Safe spaces got a bad rep this year, and the term "generation snowflake" was invented to describe people my age who are oversensitive about everything. The Atlantic, in an article about campus culture, said "the focus on trigger warnings and microagressions presumes an extraordinary fragility of the collegiate psyche".
I used to agree with that take, and while I still believe things like no-platforming influential thinkers who you disagree with is moronic, I do believe there is a lot to be said for trigger warnings.
Triggers are not made up bits of nonsense created by the politically correct. If your day-to-day life involves trying to forget being raped, or physically abused, or self-harm, is it that much to ask that people warn you when one of those things is about to be discussed? Or for someone to give you a heads up that the film you're about to see contains a gratuitous sexual abuse scene?

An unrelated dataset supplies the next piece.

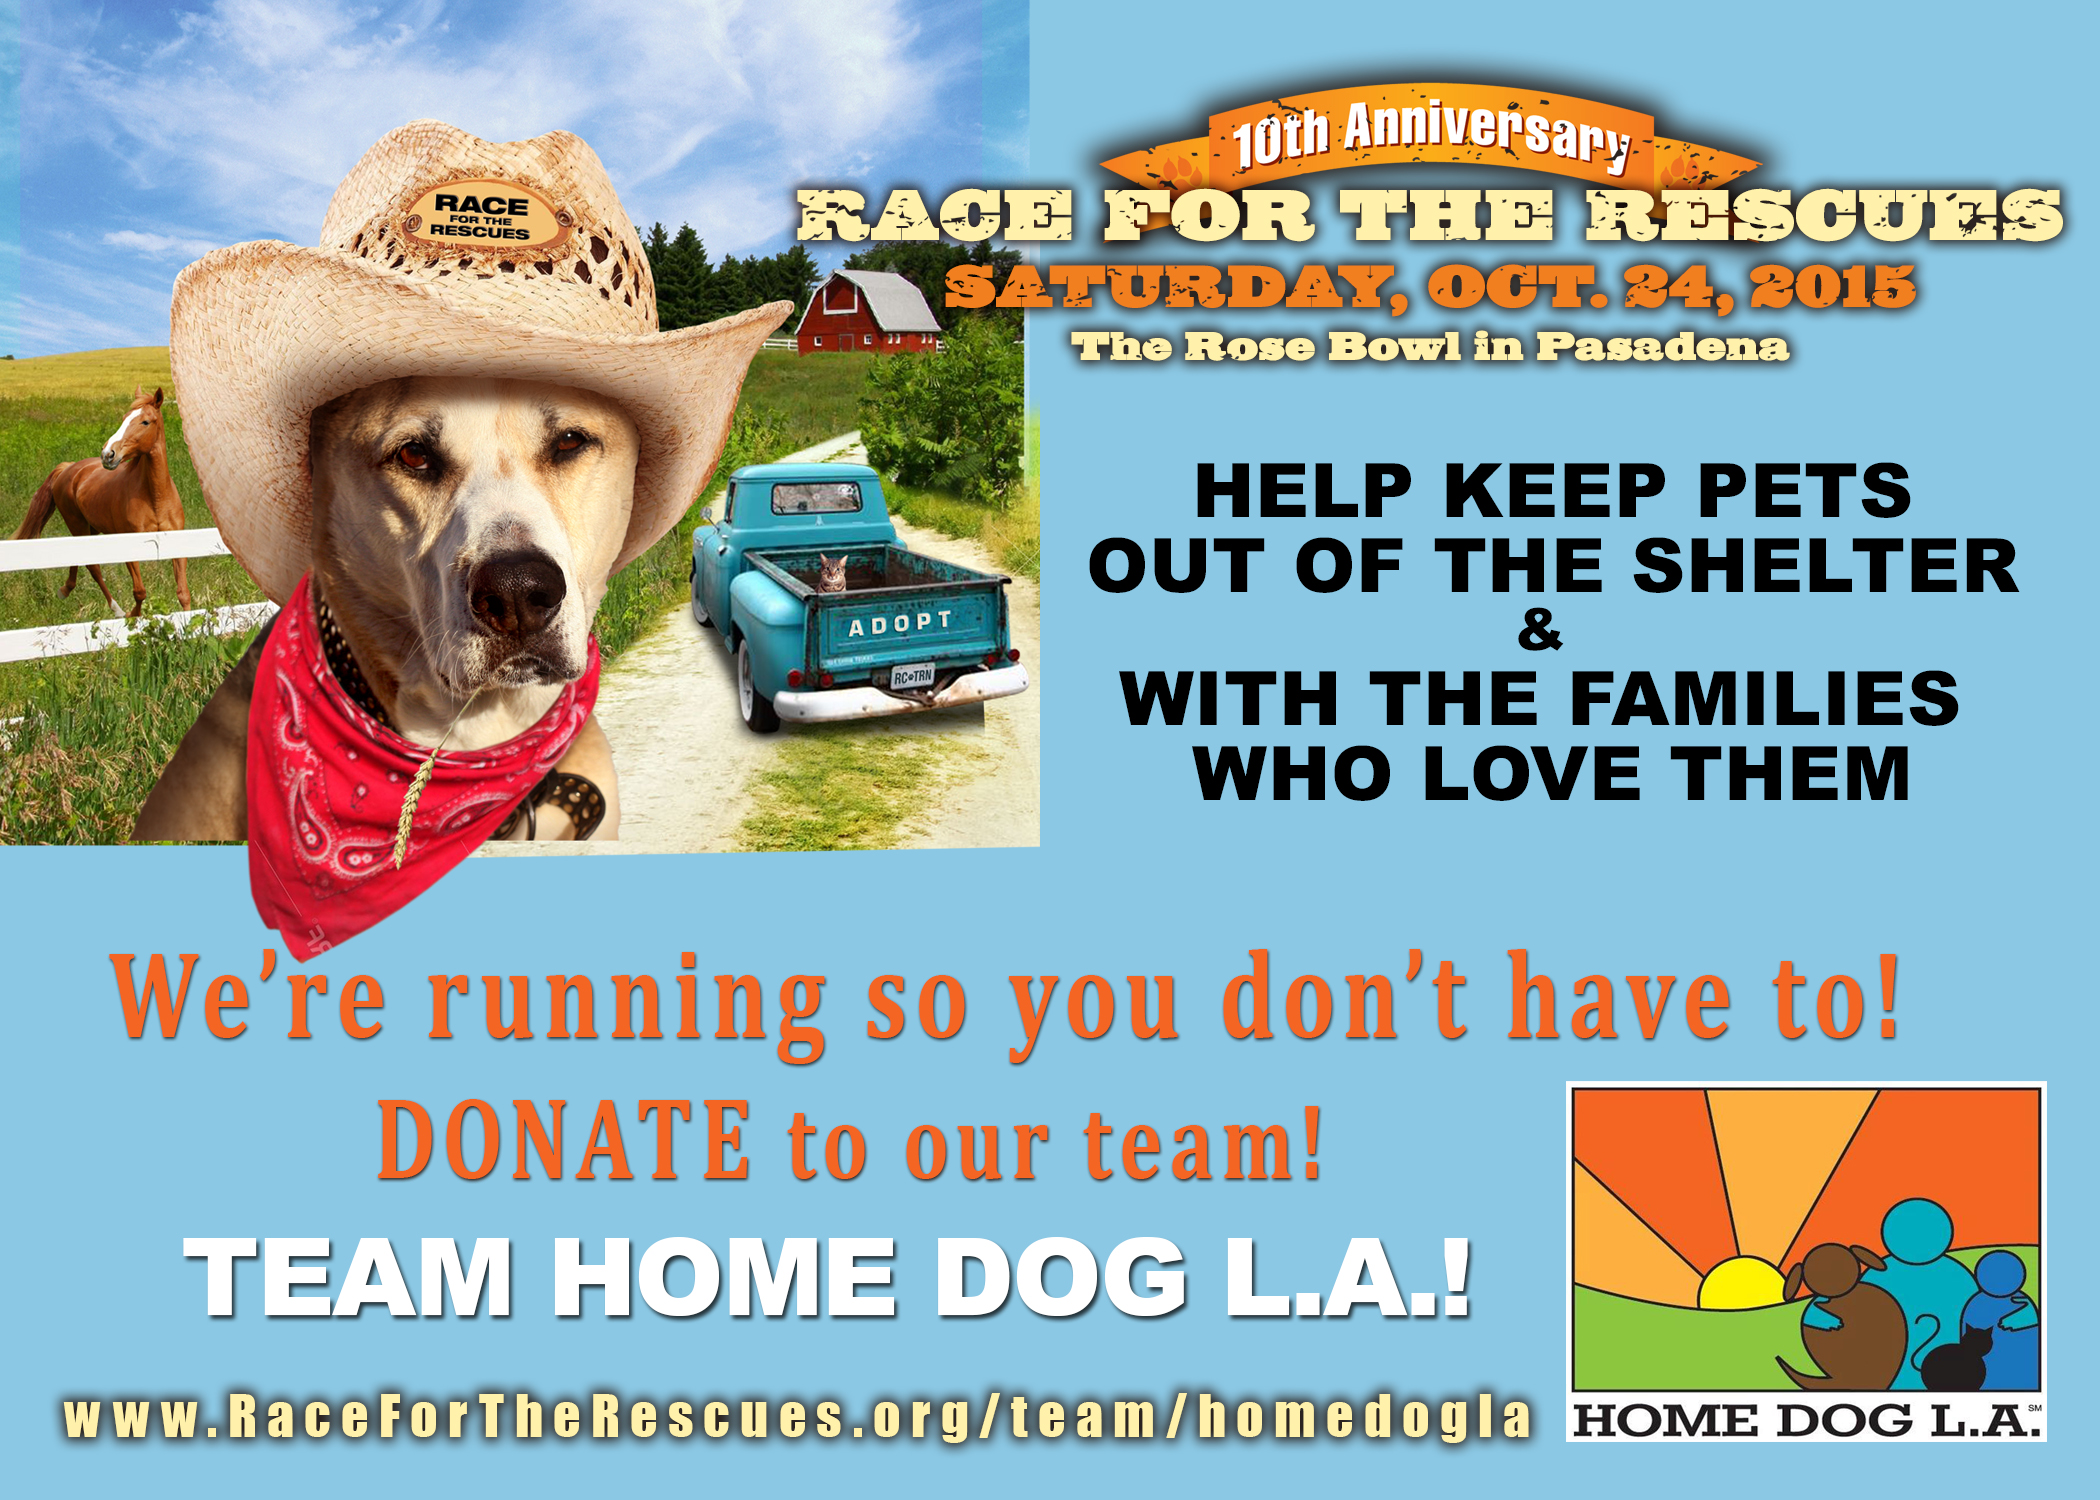 http://racefortherescues.org/team/homedogla
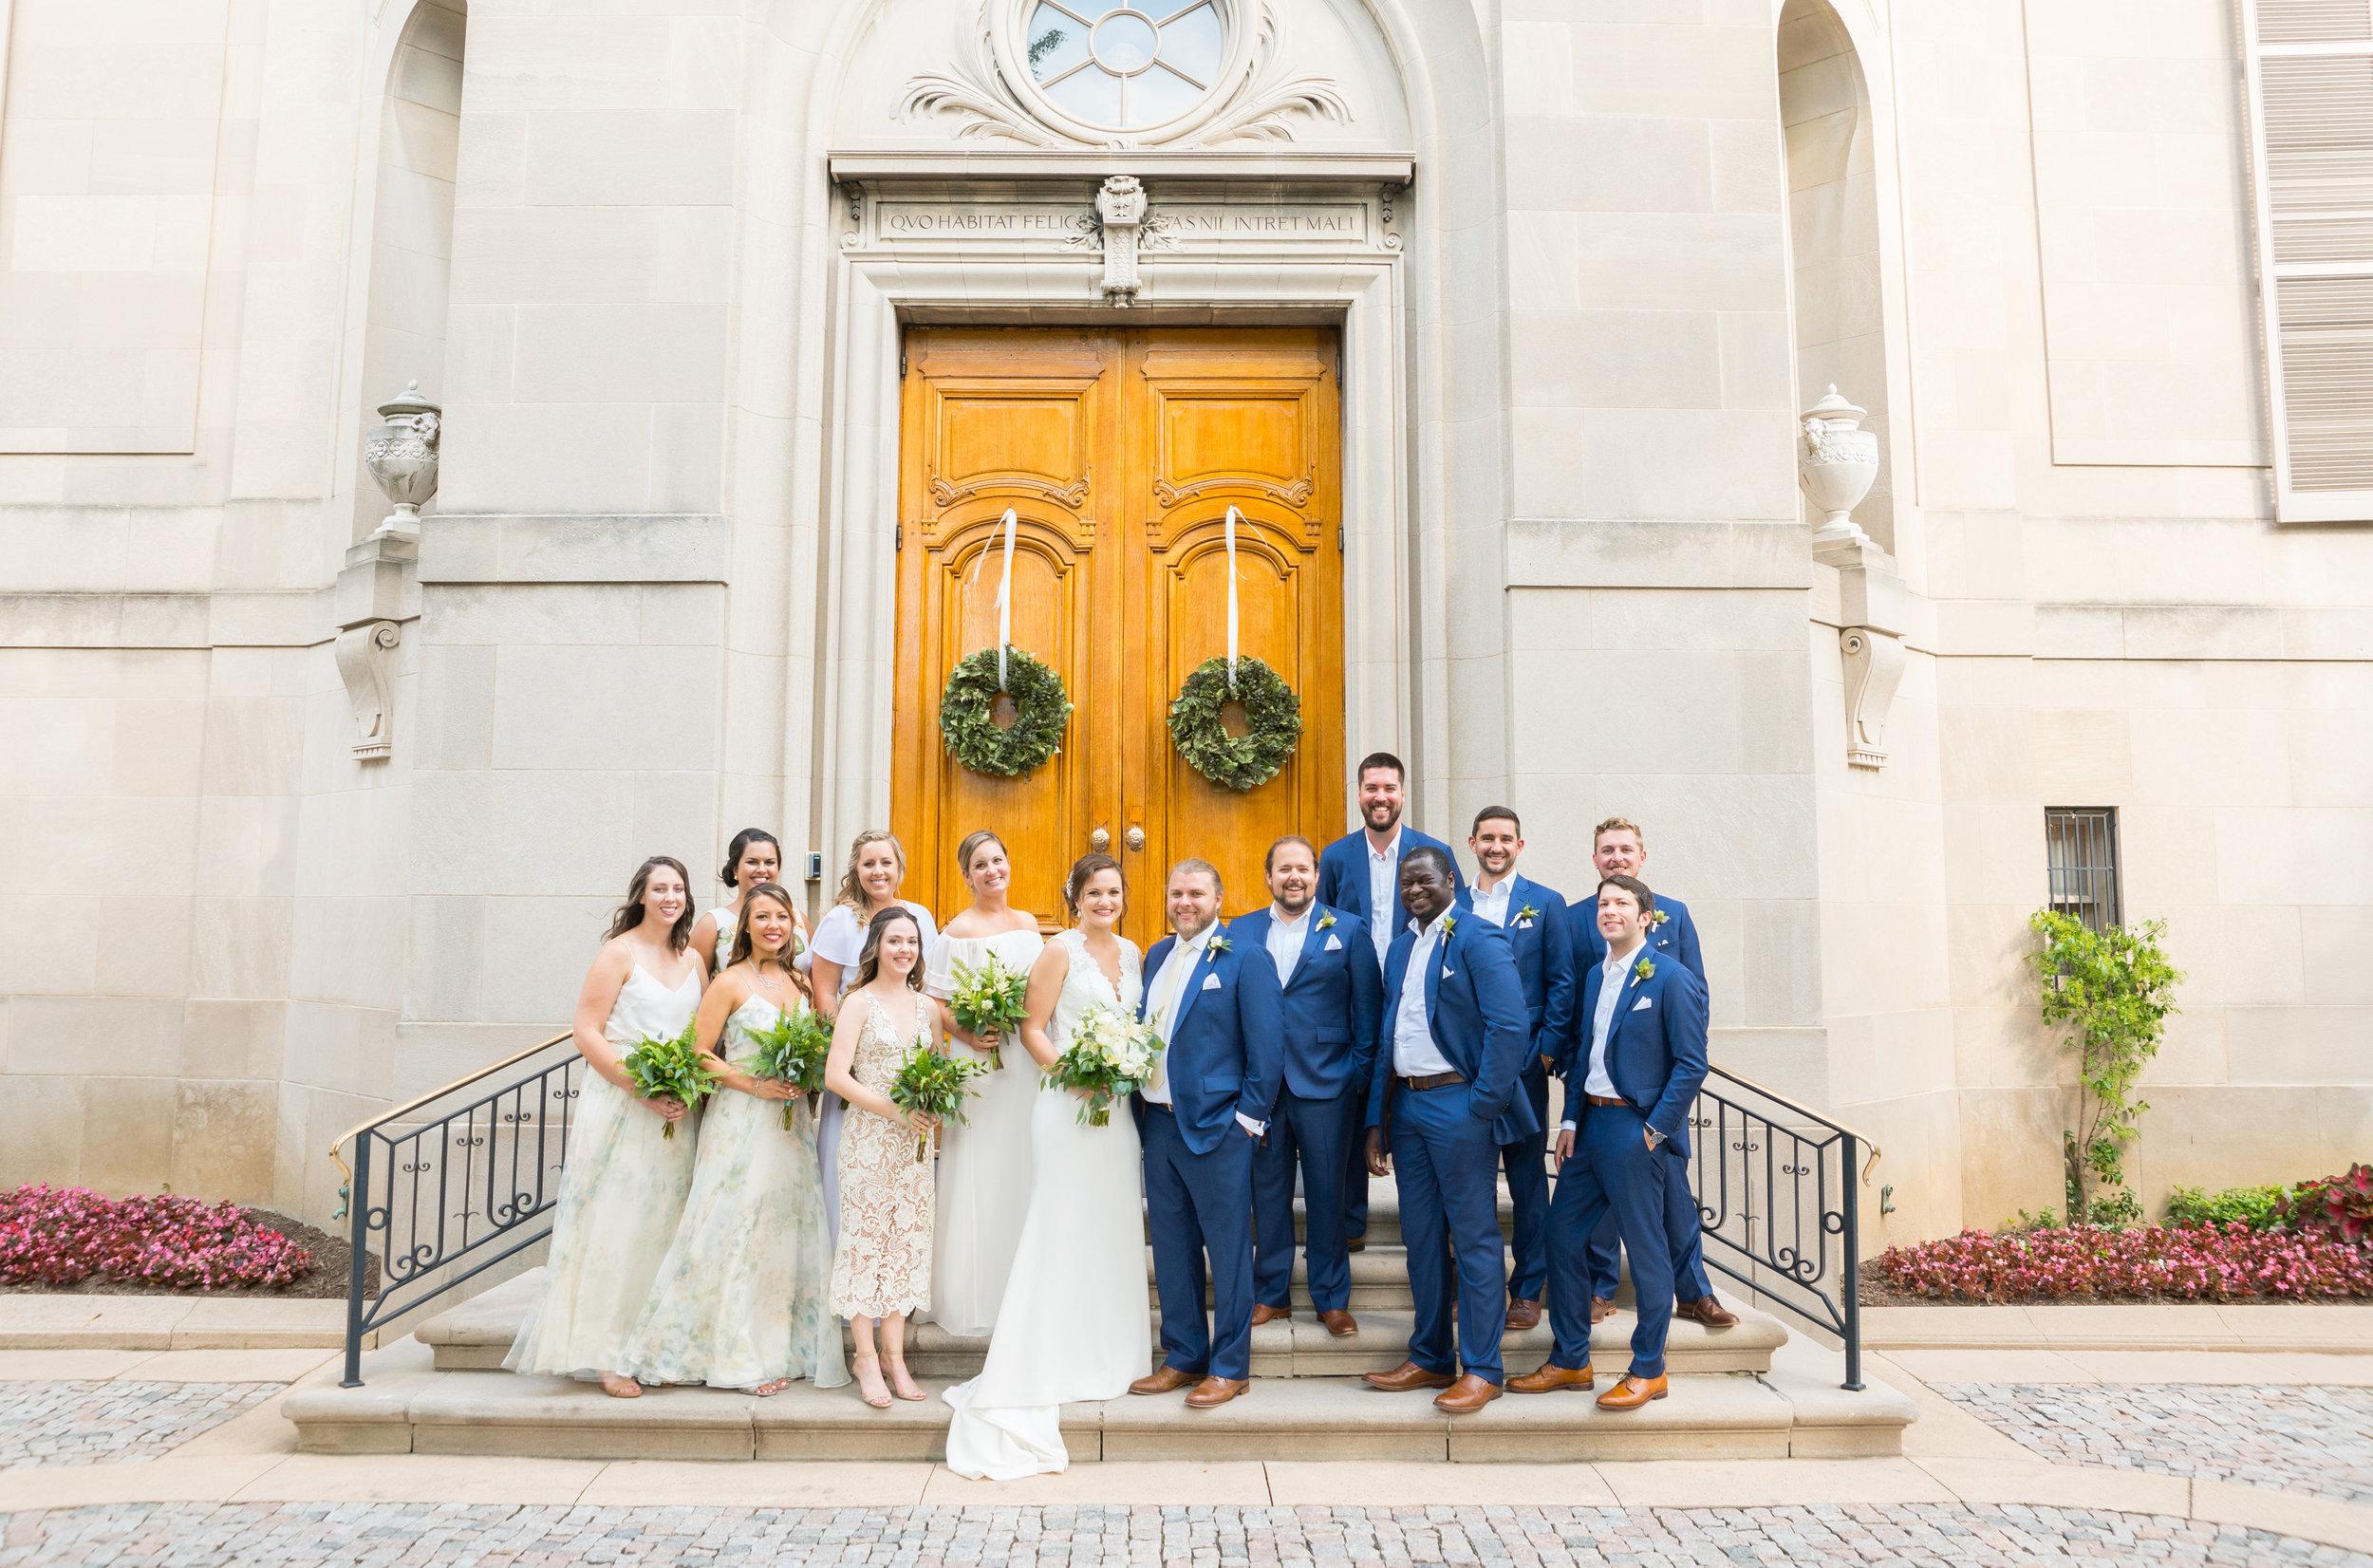 Meridian House front door wedding photos by jessica nazarova

Of course we should still celebrate culture that is gratuitous, and I personally can watch a horrifyingly violent film and then get on with my day. But warning people about what they're getting into is not the same as censorship. It's easy for someone who has never witnessed their mother get hit over her head by their dad to say "man up, stop stifling culture", but if you have experienced that, and are having a bad day, it may be that you're not up to the task of reading about it right then, at that moment.
So what I realised in 2016, I suppose just at the moment that everyone else was backlashing against them, is that trigger warnings are not a regressive step but a positive one; they acknowledge the awesome power that culture can have, and recognise everyone comes to a text with a different outlook.